All of lore.kernel.org
 help / color / mirror / Atom feed
From: Sean Christopherson <seanjc@google.com>
To: Thomas Gleixner <tglx@kernel.org>
Cc: Jim Mattson <jmattson@google.com>,
	Peter Zijlstra <peterz@infradead.org>,
	 Binbin Wu <binbin.wu@linux.intel.com>,
	Vishal L Verma <vishal.l.verma@intel.com>,
	 "kvm@vger.kernel.org" <kvm@vger.kernel.org>,
	Rick P Edgecombe <rick.p.edgecombe@intel.com>,
	 Binbin Wu <binbin.wu@intel.com>,
	"x86@kernel.org" <x86@kernel.org>,
	Paolo Bonzini <bonzini@redhat.com>
Subject: Re: CPU Lockups in KVM with deferred hrtimer rearming
Date: Tue, 21 Apr 2026 11:55:33 -0700	[thread overview]
Message-ID: <aefIJR_FcEeP-fcS@google.com> (raw)
In-Reply-To: <878qagb20x.ffs@tglx>

On Tue, Apr 21, 2026, Thomas Gleixner wrote:
> On Tue, Apr 21 2026 at 10:20, Jim Mattson wrote:
> > On Tue, Apr 21, 2026 at 10:14 AM Thomas Gleixner <tglx@kernel.org> wrote:
> >>
> >> On Tue, Apr 21 2026 at 13:49, Peter Zijlstra wrote:
> >> > On Tue, Apr 21, 2026 at 01:34:07PM +0200, Peter Zijlstra wrote:
> >> >> > > > KVM invokes regular interrupts with pt_regs which have interrupts
> >> >> > > > disabled. That's correct from the KVM point of view, but completely
> >> >> > > > violates the obviously correct expectations of the interrupt entry/exit
> >> >> > > > code.
> >> >> > >
> >> >> > > Mooo :-(
> >> >>
> >> >> Also, is this a x86/KVM 'special' or is this true for all arch/KVM that
> >> >> use GENERIC_ENTRY?
> >> >
> >> > Should we not make asm_fred_entry_from_kvm()/VMX_DO_EVENT_IRQOFF fix IF
> >> > on the fake frame instead? We know it will enable IRQs after doing
> >> > handle_exit_irqoff() in vcpu_enter_guest().
> >>
> >> Doesn't work :)
> >>
> >> > SVM does not seem affected with this particular insanity.
> >>
> >> Looks like. It will take the interrupt after local_irq_enable().
> >
> > FWIW, VMX should work just like SVM if we clear VM_EXIT_ACK_INTR_ON_EXIT.

Hell no.

> I know. What's the point of that VM_EXIT_ACK_INTR_ON_EXIT exercise? Is
> there any performance benefit or is it just used because it's there?

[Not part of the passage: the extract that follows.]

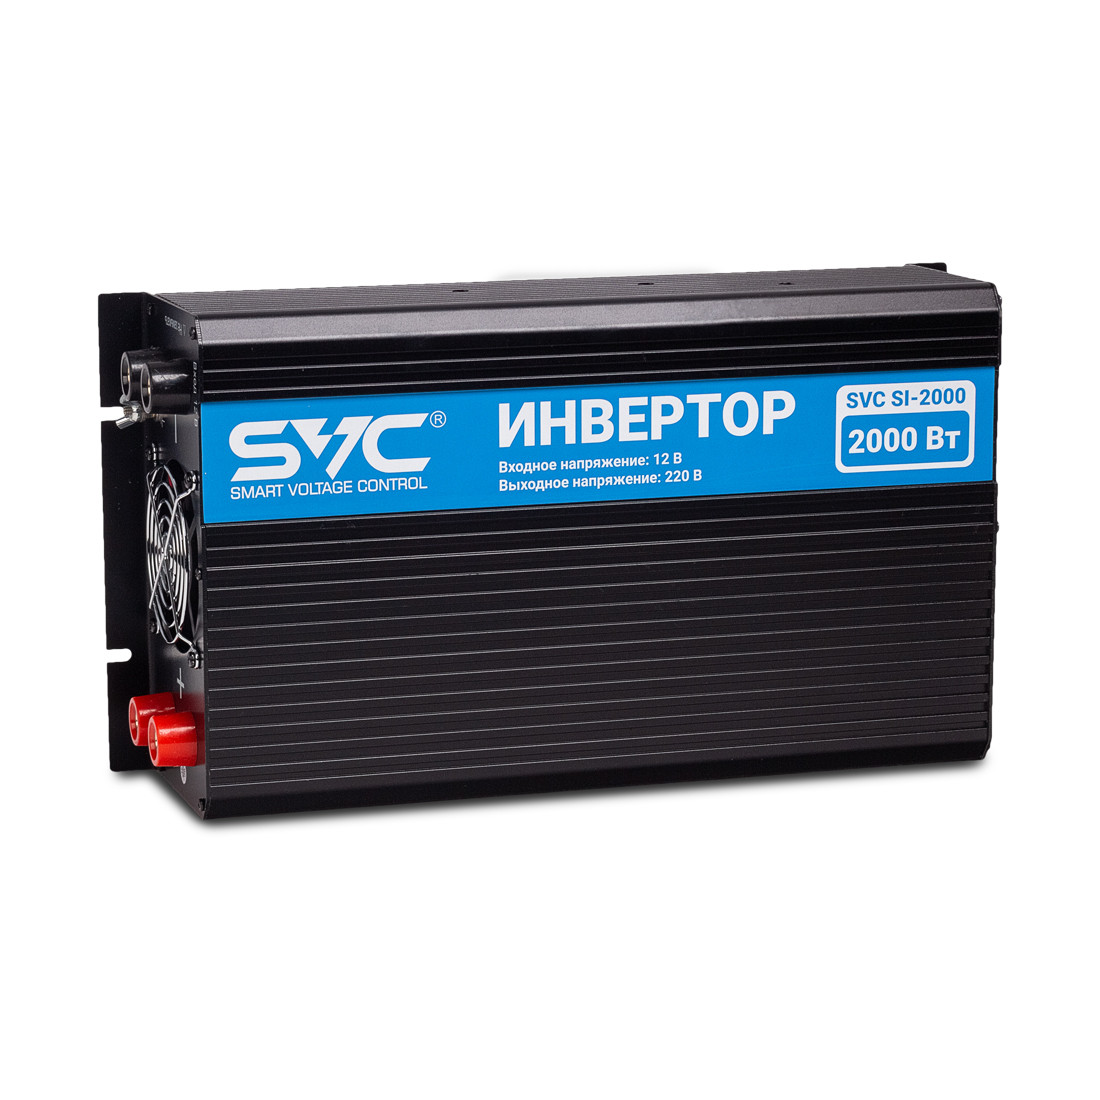 Инвертор SVC SI-2000 2000 Вт

There are performance benefits, and it preserves ordering: the first IRQ that's
serviced by the host is guaranteed to be _the_ IRQ that triggered the VM-Exit.
E.g. with AMD's approach, any IRQs that arrive between the VM-Exit and STI (which
is a pretty big swath of code) could be serviced before the IRQ that triggered
the exit, depending on priority.

VM_EXIT_ACK_INTR_ON_EXIT also provides symmetry with Intel's handing of NMIs, as
NMIs are unconditionally "acked" on VM-Exit.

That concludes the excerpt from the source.